I wrote Kanali which is an open source Kubernetes Ingress/API management tool and for about 1/200k requests I receive the following fatal error:
2017/08/16 12:40:57 http: multiple response.WriteHeader calls
{"level":"error","method":"GET","msg":"unknown error","time":"2017-08-16T12:40:57Z","uri":"/ommitted/path"}
{"level":"fatal","msg":"write tcp4 192.168.2.160:8443-\u003e192.168.4.0:54554: write: broken pipe","time":"2017-08-16T12:40:57Z"}
I'm having a really hard time reproducing it but here is the relevant code.
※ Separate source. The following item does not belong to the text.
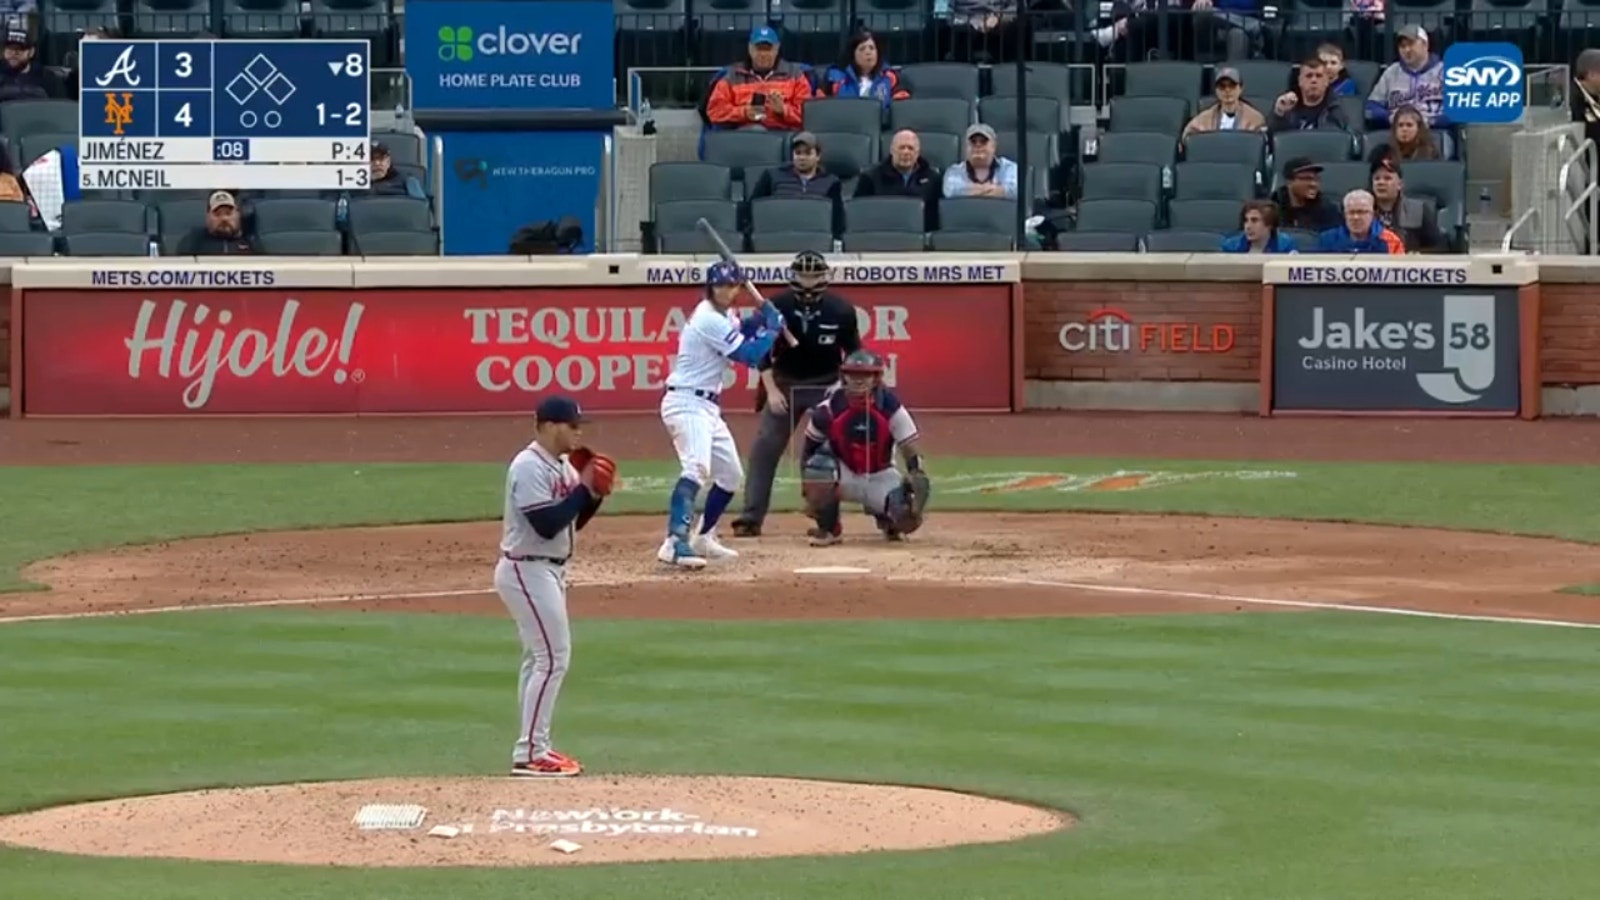 Jeff McNeil launches solo home run to give Mets a 5-3 lead over Braves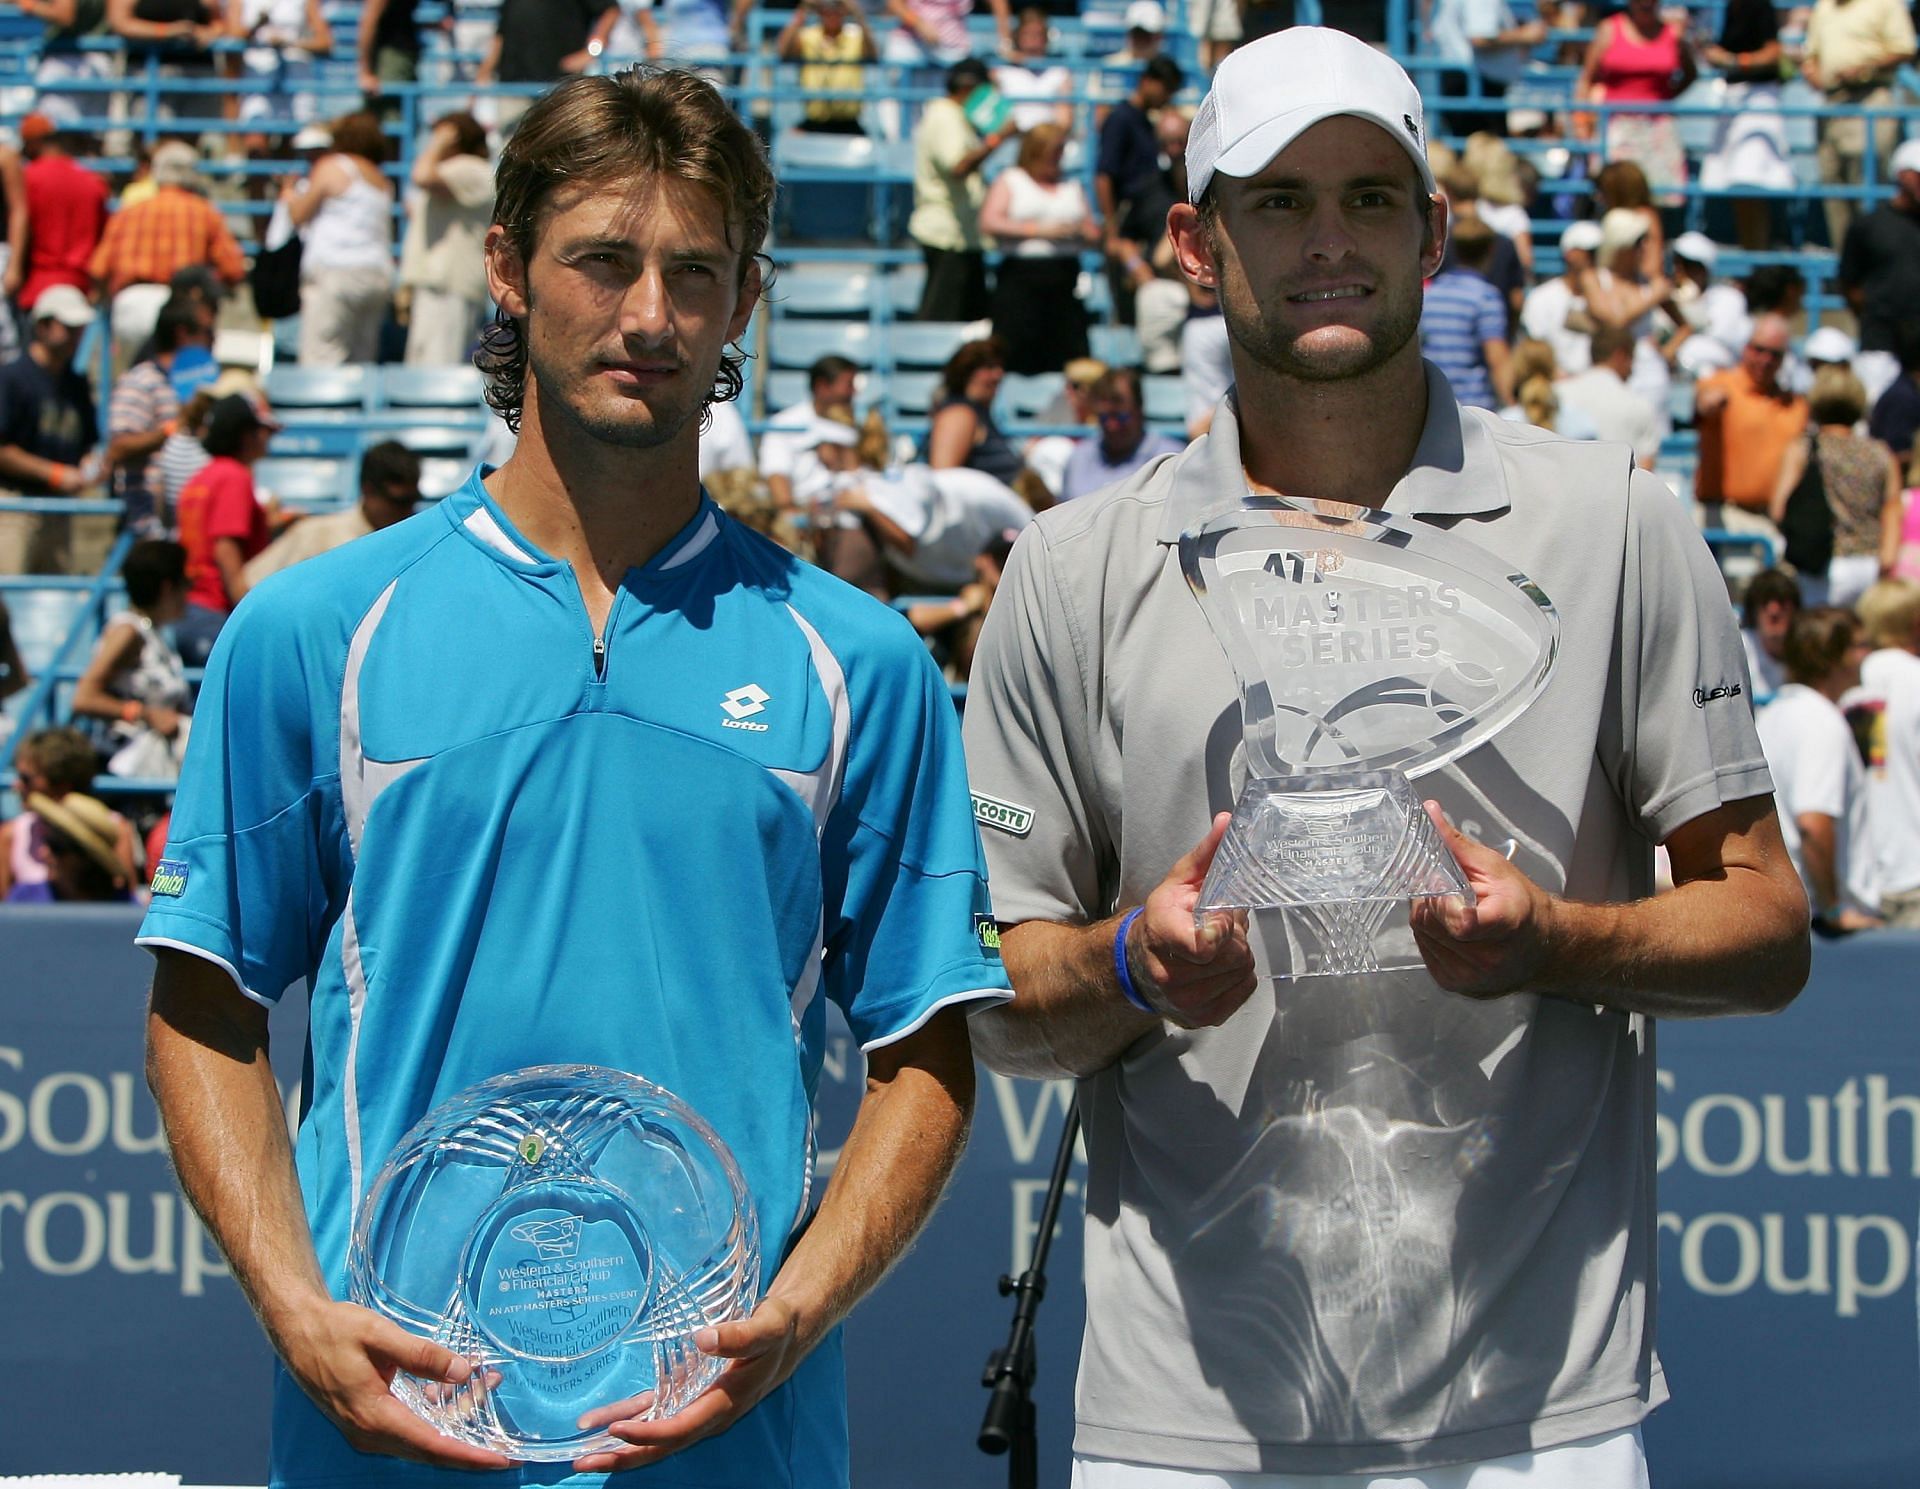 Fritz became the first American man to win a Masters 1000 singles title since Andy Roddick in 2006

Kanali is a large project but the td;lr is that after this first code snippet is executed, the second code snipped is executed which handles errors.
func (step WriteResponseStep) Do(ctx context.Context, m *metrics.Metrics, c *controller.Controller, w http.ResponseWriter, r *http.Request, resp *http.Response, trace opentracing.Span) error {
for k, v := range resp.Header {
for _, value := range v {
w.Header().Set(k, value)
}
}
closer, str, err := utils.DupReaderAndString(resp.Body)
if err != nil {
logrus.Errorf("error copying response body, response may not be as expected: %s", err.Error())
}
trace.SetTag("http.status_code", resp.StatusCode)
trace.SetTag("http.response_body", str)
w.WriteHeader(resp.StatusCode)
if _, err := io.Copy(w, closer); err != nil {
return err
}
return nil
}
later in the code...
if err != nil {
w.Header().Set("Content-Type", "application/json")
switch e := err.(type) {
case utils.Error:
logrus.WithFields(logrus.Fields{
"method": r.Method,
"uri": r.RequestURI,
}).Error(e.Error())
errStatus, err := json.Marshal(utils.JSONErr{Code: e.Status(), Msg: e.Error()})
if err != nil {
logrus.Warnf("could not marsah request headers into JSON - tracing data maybe not be as expected")
}
w.WriteHeader(e.Status())
if err := json.NewEncoder(w).Encode(utils.JSONErr{Code: e.Status(), Msg: e.Error()}); err != nil {
logrus.Fatal(err.Error())
}
default:
logrus.WithFields(logrus.Fields{
"method": r.Method,
"uri": r.RequestURI,
}).Error("unknown error")
errStatus, err := json.Marshal(utils.JSONErr{Code: http.StatusInternalServerError, Msg: "unknown error"})
if err != nil {
logrus.Warnf("could not marsah request headers into JSON - tracing data maybe not be as expected")
}
w.WriteHeader(http.StatusInternalServerError)
if err := json.NewEncoder(w).Encode(utils.JSONErr{Code: http.StatusInternalServerError, Msg: "unknown error"}); err != nil {
logrus.Fatal(err.Error())
}
}
}
The error message is telling you that WriteHeader is called more than once (either directly or indirectly by a call to Write). The header can only be written to the network once. Both snippets have a call to WriteHeader.